▶ **SOURCE MATERIAL**
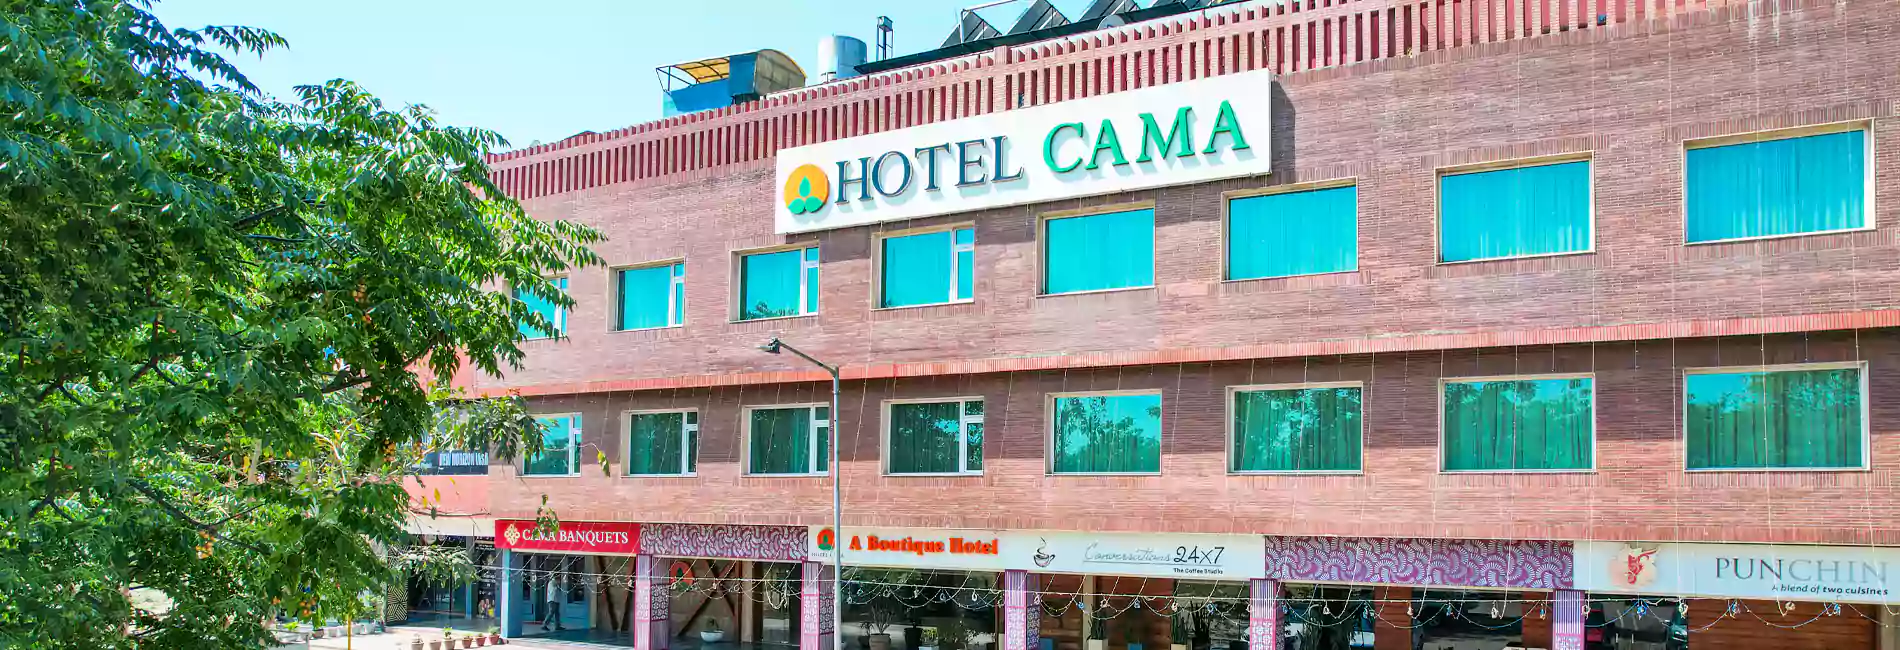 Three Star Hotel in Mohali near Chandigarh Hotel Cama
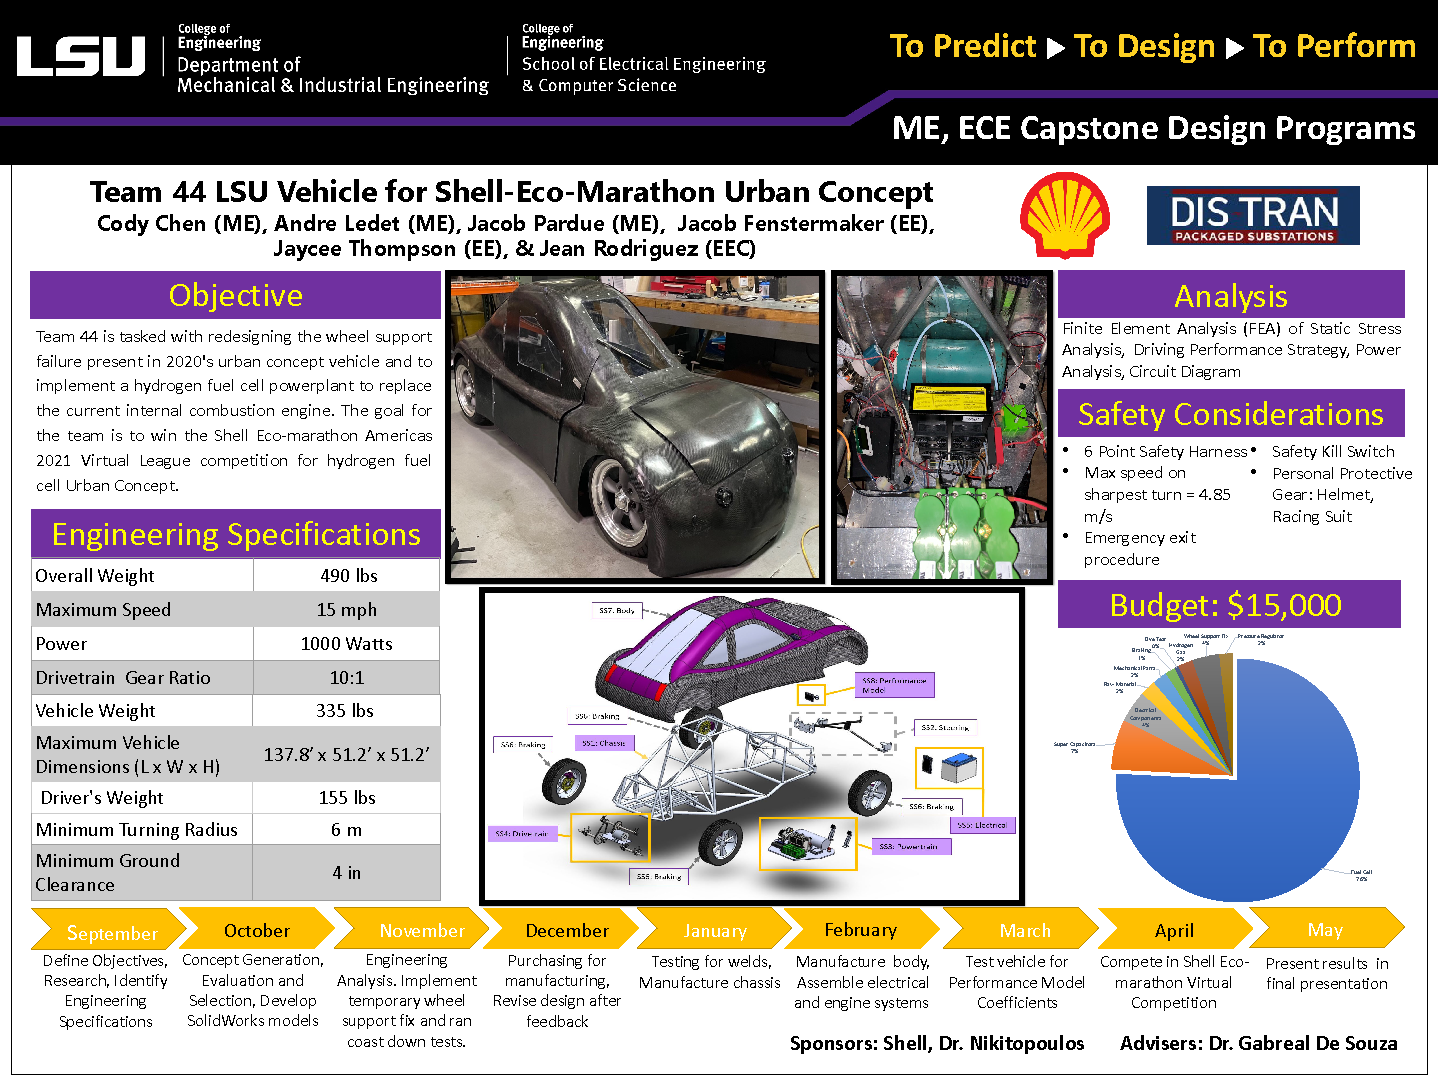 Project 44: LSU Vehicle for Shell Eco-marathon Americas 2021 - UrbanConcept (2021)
...
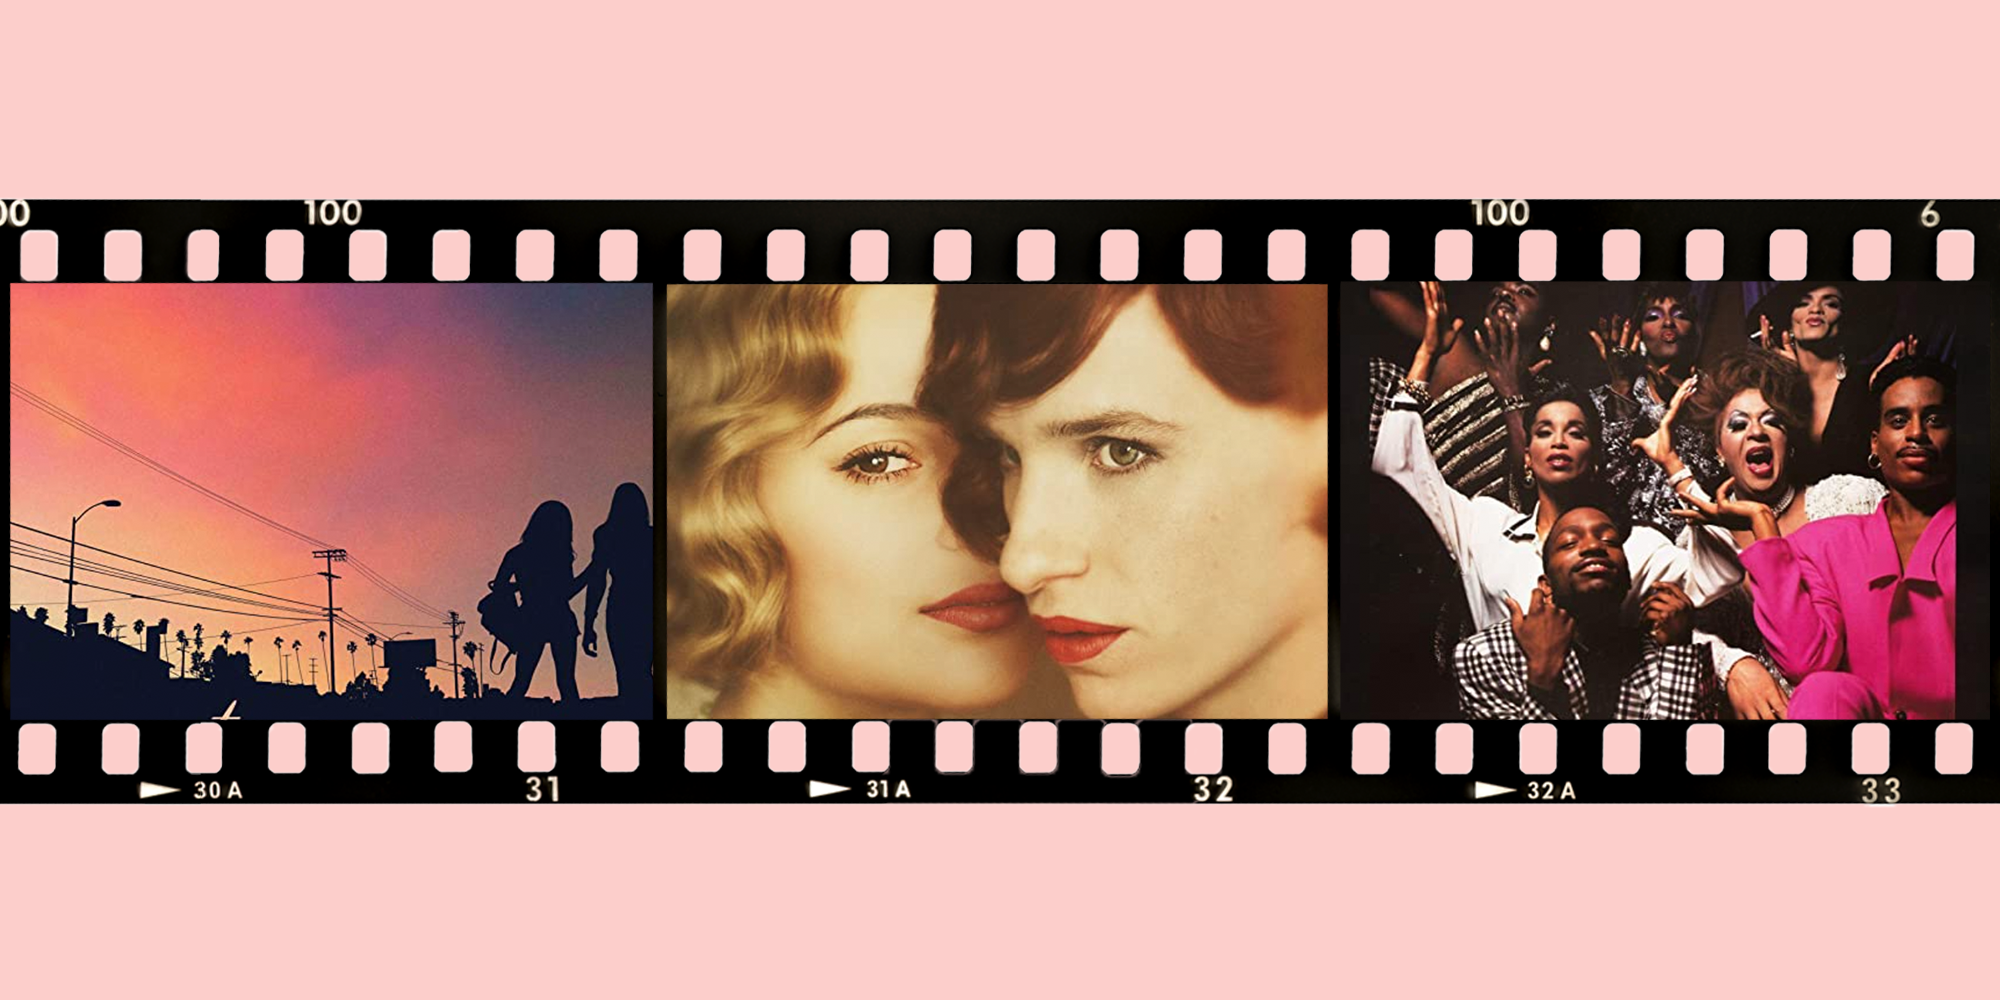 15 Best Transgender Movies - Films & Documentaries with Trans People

▶ **THE TASK**
What's needed is an exact copy of the lines above from the one with "Three Star Hotel" through the one with "Project 44: LSU", both included; the pictures stay out.

▶ **RESULT**
 Three Star Hotel in Mohali near Chandigarh Hotel Cama
 Project 44: LSU Vehicle for Shell Eco-marathon Americas 2021 - UrbanConcept (2021)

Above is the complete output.